Набирает номер ресепшена в телефоне и поглядывает на Ландерса, который в очередной раз обнимается с белым другом и сгибается в выворачивающем внутренности спазме. Казалось, желудок пытается сбежать от нерадивого хозяина.
Шнайдер возвращается ко всем с растерянным видом.
— Аптечки у них не предусмотрены в номерах, — говорит тихо и с жалостью смотрит на Пауля, у которого уже сил нет отползти в сторону от унитаза.
— Шнай… А если бы не отказались, все было бы уже в порядке, — бормочет, едва ворочая языком.
— Не было бы, Пауль! Отсутствие мозгов — это врожденный дефект, а он такое не мог лечить, — Флаке. Опять бурчит. Тилль тыкает его локтем в бок.
— Нет, ну, а что? Чем он думал, когда ел ту дрянь из жареных тараканов?
Гадский Мехико, гадские их экзотические блюда, гадский тот чувак, с которым Ландерс на спор решился съесть это гребанное.
Черт, даже название этого блюда похоже на матерщину.

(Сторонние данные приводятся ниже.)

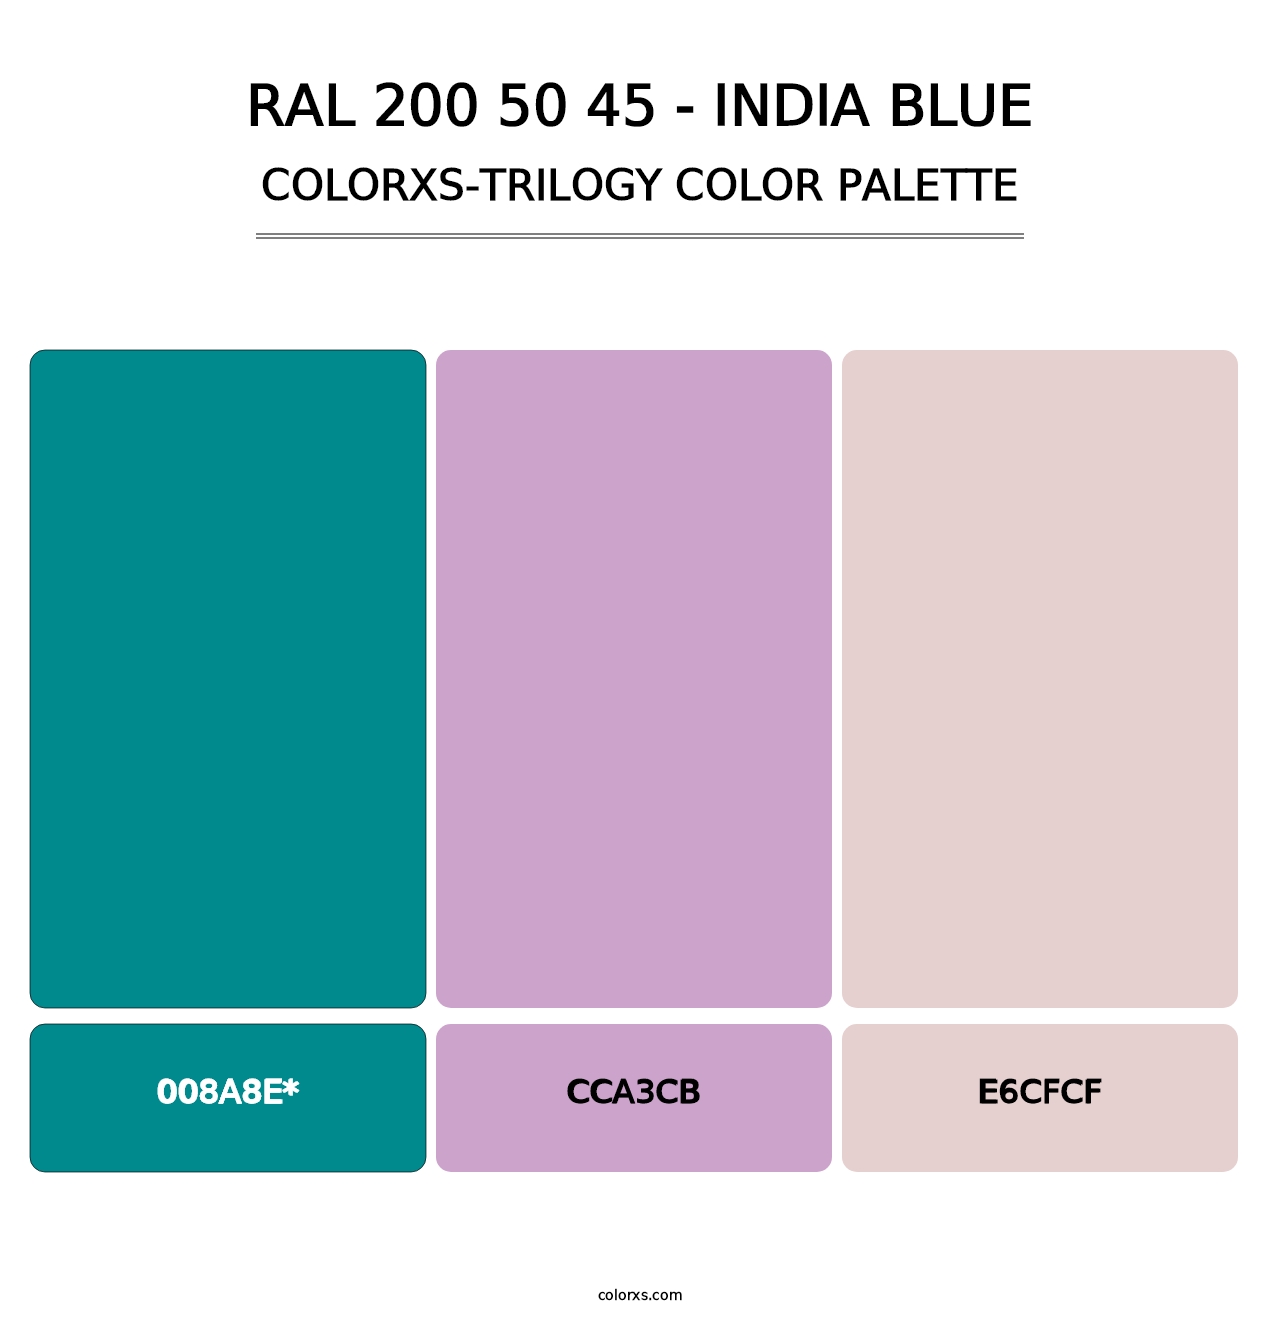 RAL 200 50 45 - India Blue - Colorxs Trilogy Palette

Съел. И отравился. Завтра новое выступление, через час им в дорогу, а Полика, похоже, заберут в больницу… И какого черта они отказались от своих сил?
О, тьма египетская. Но они едут.
Но, не в автобусе, а на машине втроем. Риха, Пауль и Олли. Опаздывают. Через полчаса должна начаться финальная репетиция перед концертом уже на стадионе, а они катастрофически не успевают. Решают сократить путь и проехать через жилой квартал — и как назло их останавливает полиция. Район оцеплен, на днях там произошло какое-то происшествие, и чтобы проехать — нужен паспорт. Ларс и Пауль достают свои, показывают, Рихард за рулем шарит по карманам, но уже понимает, что забыл документ в номере гостиницы.

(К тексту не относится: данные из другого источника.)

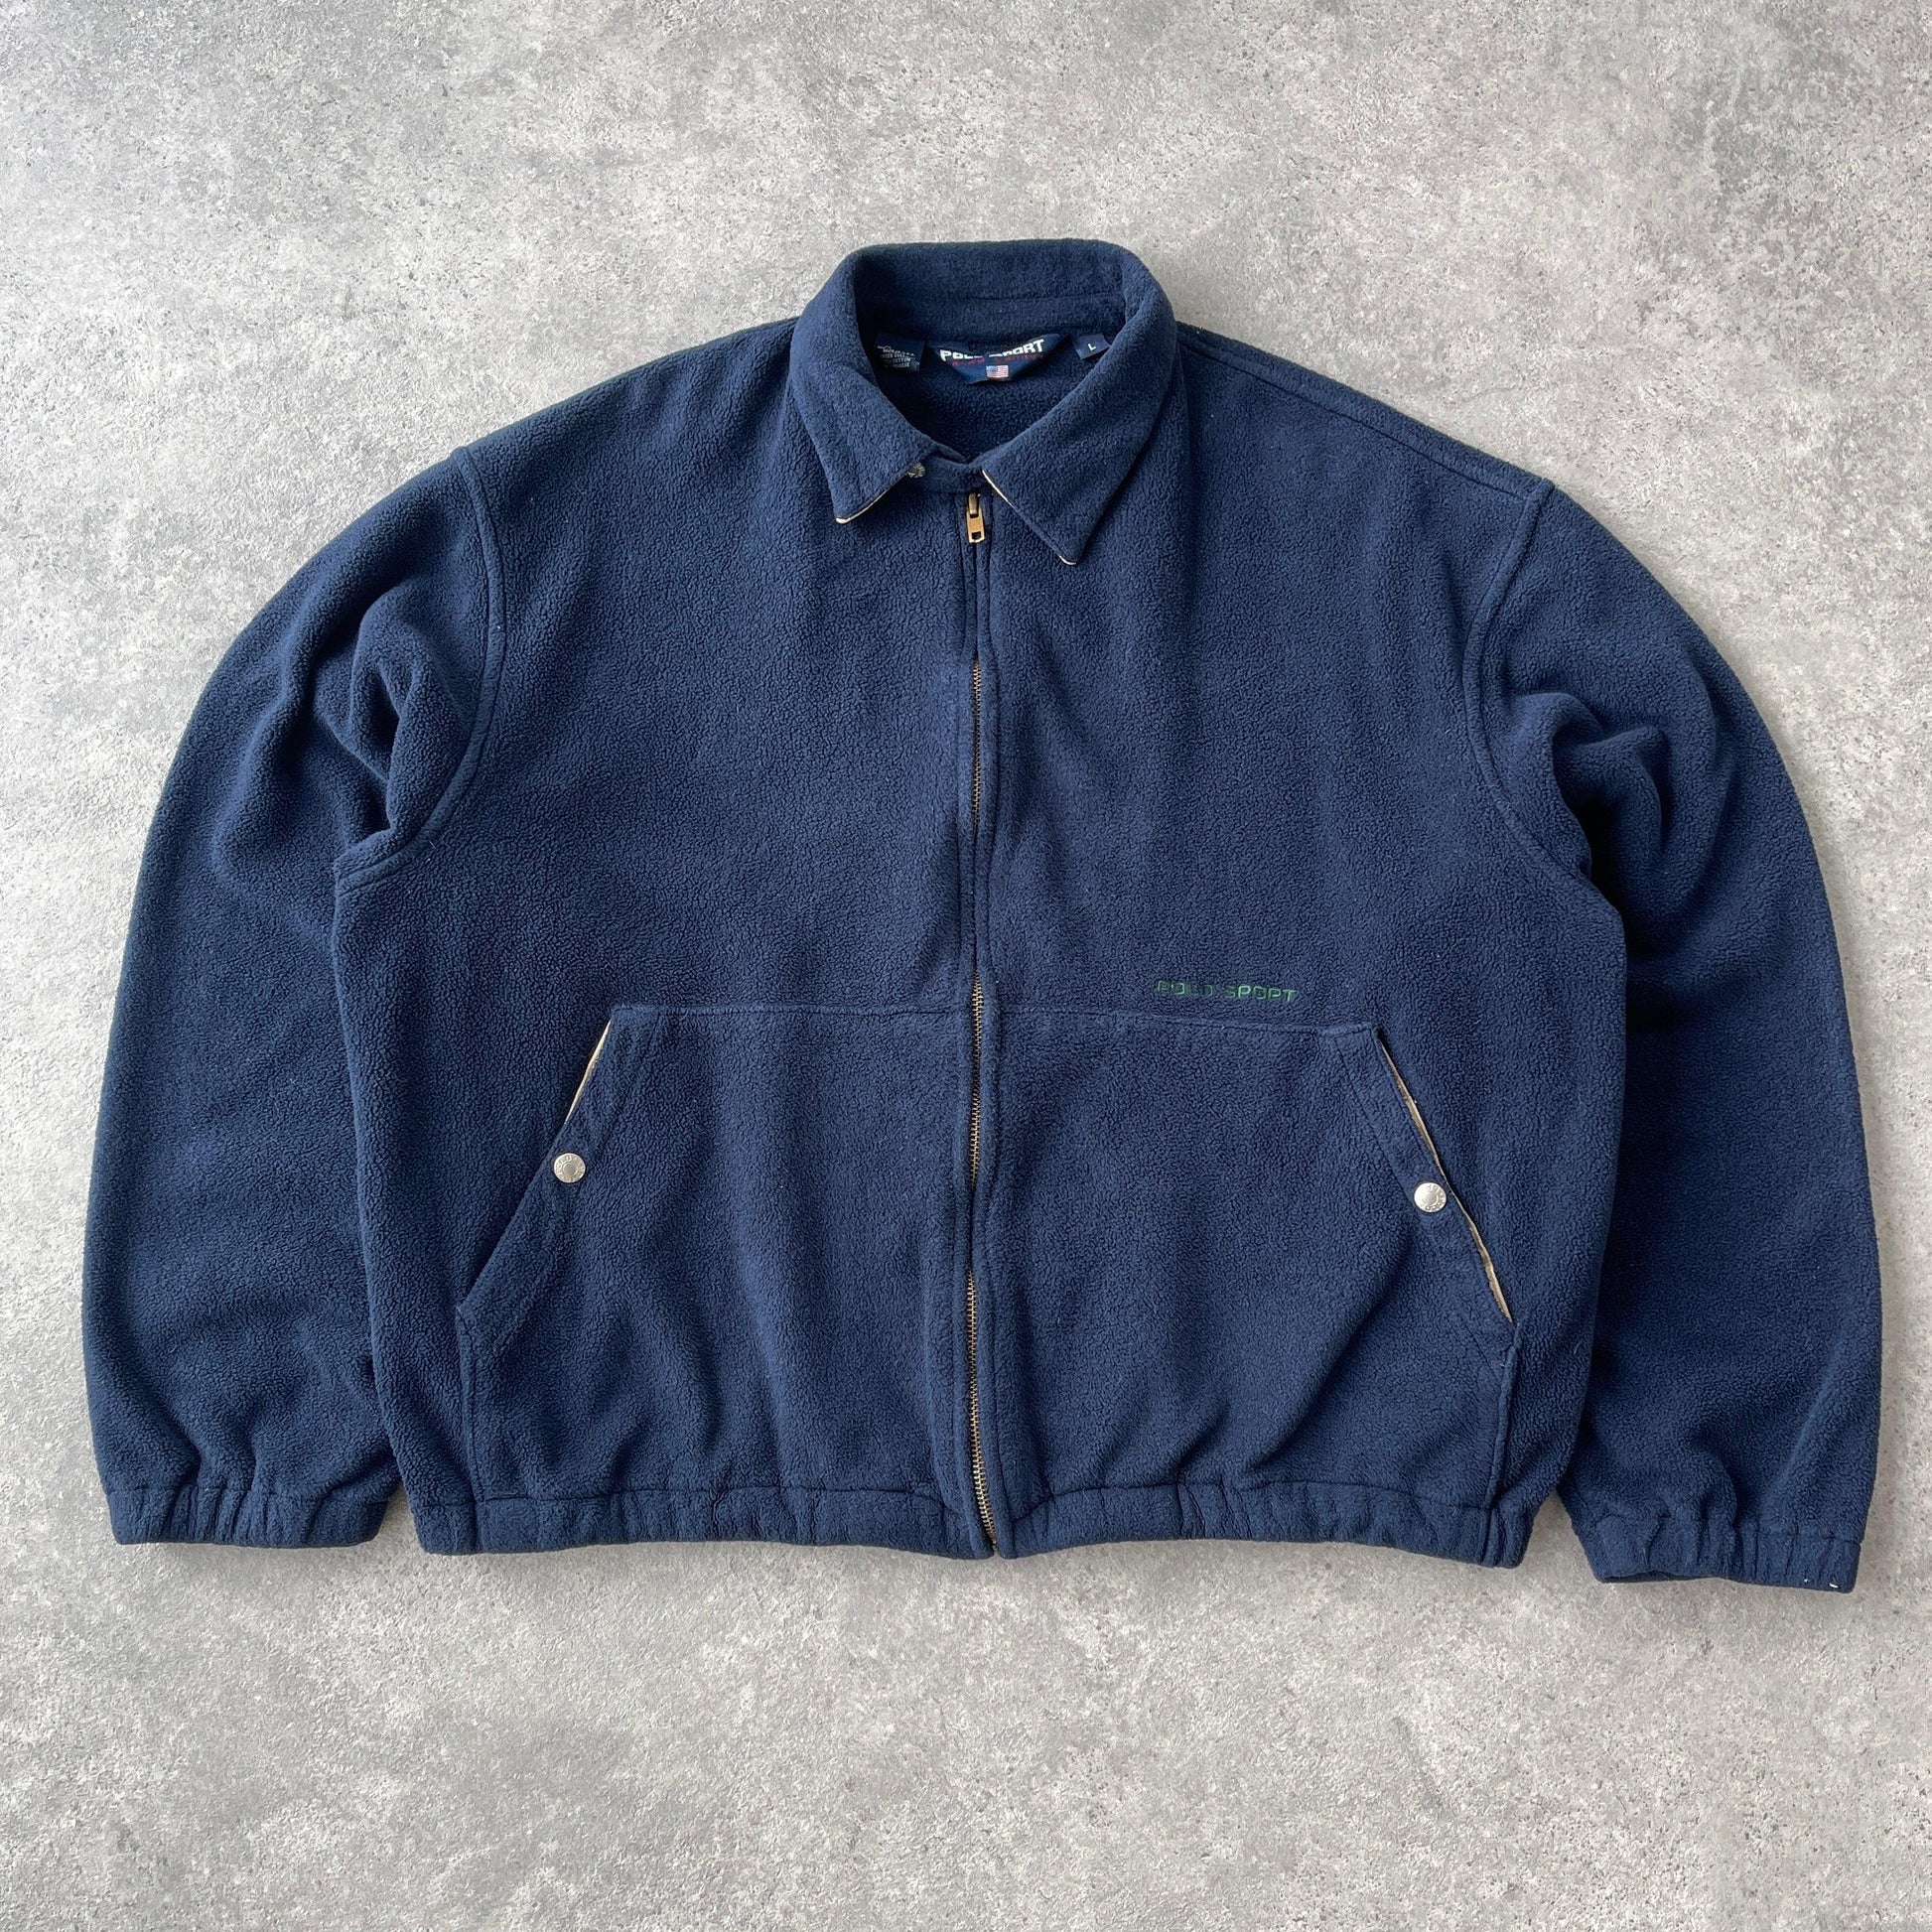 Polo Sport Ralph Lauren 1990s heavyweight fleece harrington jacket (L) - Known Source

— Твою мать! Нет паспорта, — шепчет панически. Полик высовывается в окно и пытается объяснить стражам порядка, что они музыканты известной группы, что они опаздывают и им просто жизненно важно проехать по закрытой дороге, но те его не слушают.
Преграждают путь и приказывают разворачивать машину обратно.
— Ну…твою мать! Ну, зачем мы это сделали? Я бы мог их убедить и мы бы успели, а так нас сейчас выебут и высушат! — Ландерс канючит снова о загубленных силах и у Рихарда с Оливером в душе с неимоверным упорством скребется сомнение.
Они разворачиваются и гонят, нарушая все, что только можно и нельзя, но успевают. Тилль и Шнай уже на сцене, Флаке возится за кулисами, они хватают гитары и запыхавшиеся, тоже вываливаются на сцену — еще не началось.
Суетятся техники, размещая заряды фейерверков на краю сцены и на рампах над установкой Шная. Тот выползает из-за нее и подходит к Тиллю.
Ждут, пока все закончат.
— Тилль, мы того… Сильно опоздали? — решается спросить Ландерс.
— Как видишь, — вокалист пожимает плечами.
— Еще не начинали.
— Их ждете? — Олли. Кивает головой на техников.
— Ну, теперь их, а сначала — вас. Они решили доделать там что-то, пока репетиция не началась.
— Блин, Тилль, извини, по-дурацки все вышло… — Рихард объясняет Тиллю, как все произошло и почему они опоздали — тот мрачнеет.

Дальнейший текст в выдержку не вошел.